How one computes the probability distributions for the optimal strategies is beyond the scope of this discussion.
First Card: 4 | Bid | ||||
---|---|---|---|---|---|
1 | 2 | 3 | 4 | ||
Bid | 1 | 0 | +1 | +1 | +118/1159 |
2 | -1 | 0 | +1 | +1/2 | |
3 | -1 | -1 | 0 | +1 | |
4 | -118/1159 | -1/2 | -1 | 0 |
First Card: 3 | Bid | ||||
---|---|---|---|---|---|
1 | 2 | 3 | 4 | ||
Bid | 1 | 0 | +1 | +1/2 | -1 |
2 | -1 | 0 | +1 | -1/3 | |
3 | -1/2 | -1 | 0 | +4/9 | |
4 | +1 | +1/3 | -4/9 | 0 |
First Card: 2 | Bid | ||||
---|---|---|---|---|---|
1 | 2 | 3 | 4 | ||
Bid | 1 | 0 | +1 | -19/105 | -1 |
2 | -1 | 0 | +17/63 | -1 | |
3 | +19/105 | -17/63 | 0 | 0 | |
4 | +1 | +1 | 0 | 0 |
First Card: 1 | Bid | ||||
---|---|---|---|---|---|
1 | 2 | 3 | 4 | ||
Bid | 1 | 0 | -16/117 | ... | ... |
2 | +16/117 | 0 | ... | ... | |
3 | ... | ... | 0 | ... | |
4 | ... | ... | ... | 0 |
Some of the individual entries in the above matrices are derived by inspection. For instance, the zeroes down the diagonals can be deduced because they represent games that are still symmetric: if both players bid the same for the first card, then their positions remain identical and they must have equal chances of winning. (Note that a 0 represents not only forced draws, but any situation in which each player has the same chance of winning.) Similarly, the payoff for a row bid of N and a column bid of M must be -1 times the payoff for a row bid of M and a column bid of N.
The "+1"s in the first matrix arise when the column player wins the initial 4 and has an easy winning strategy: he will bid his highest remaining card on the 3, and his 1 on the 1. (The row player either cannot win the 3 and thus cannot possibly beat the column player's total, or in one case he must use his 4 to win the 3 and then cannot win enough other cards to catch up.)

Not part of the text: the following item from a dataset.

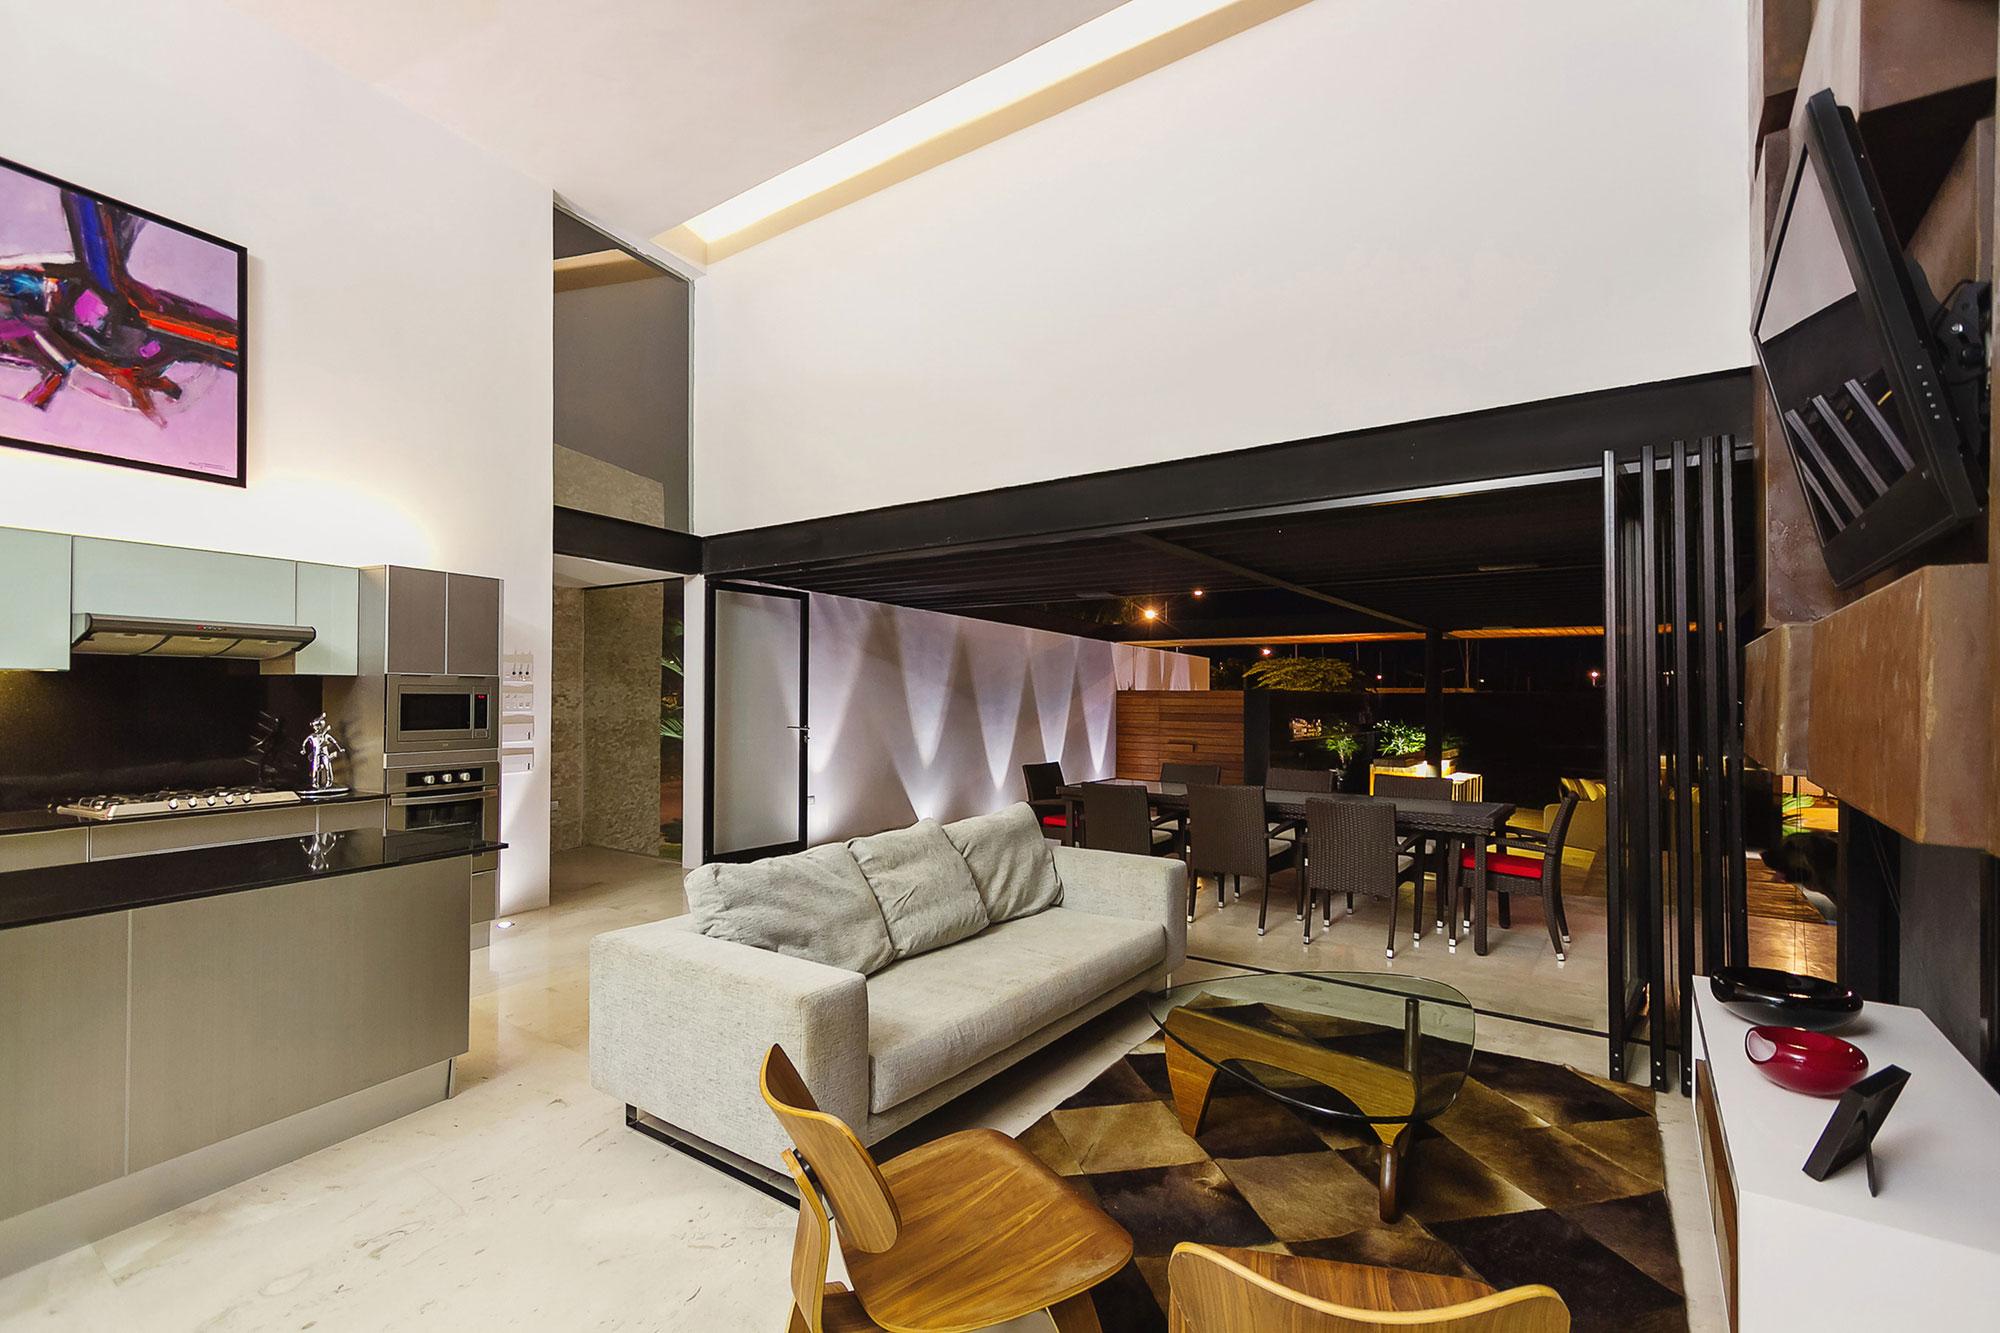 Sofa, Living Room, Glass Sliding Doors, Contemporary Residence in Merida, Yucatan

Most of the values, however, were derived by looking at the three subcases that arise depending on what card comes up second. For example, after an initial 3 is won by the column player bidding 4 vs 3, there are three possible second cards, and for each of those we can look at the 3x3 payoff matrix, as shown below. The entries in the 3x3 matrices are in turn derived by looking at the 2x2 payoff matrices, though for those it no longer matters what order the last two diamonds are in. (The bids on either of the last two diamonds determine the bids on the last diamond.)
3(4,3) 4 | Bid | |||
---|---|---|---|---|
1 | 2 | 3 | ||
Bid | 1 | +1 | +1 | +1 |
2 | -1 | +1 | +1 | |
4 | +1 | 0 | -1 |
3(4,3) 1 | Bid | |||
---|---|---|---|---|
1 | 2 | 3 | ||
Bid | 1 | +1 | 0 | -1/3 |
2 | 0 | +1 | +1 | |
4 | +1 | +1 | +1 |
3(4,3) 2 | Bid | |||
---|---|---|---|---|
1 | 2 | 3 | ||
Bid | 1 | 0 | +1/2 | +1/2 |
2 | -1 | 0 | +1 | |
4 | +1 | +1 | +1 |
The middle case (second card is 2) has a "saddlepoint", meaning that each player's optimal strategy contains a single choice. The column player can bid 3 and ensure he never does worse than +1/2, and the row player bids 1 and ensures the column player cannot do better than +1/2. The other two cases do not have saddlepoints, though in each case some of the choices are "dominated", meaning that they should never be selected because another choice or combination of choices always does at least as well. For instance, if the second card is 4, the column player should never bid 3 because, no matter what the row player bids, the column player does at least as well by bidding 2. Likewise, the row player should never bid 1.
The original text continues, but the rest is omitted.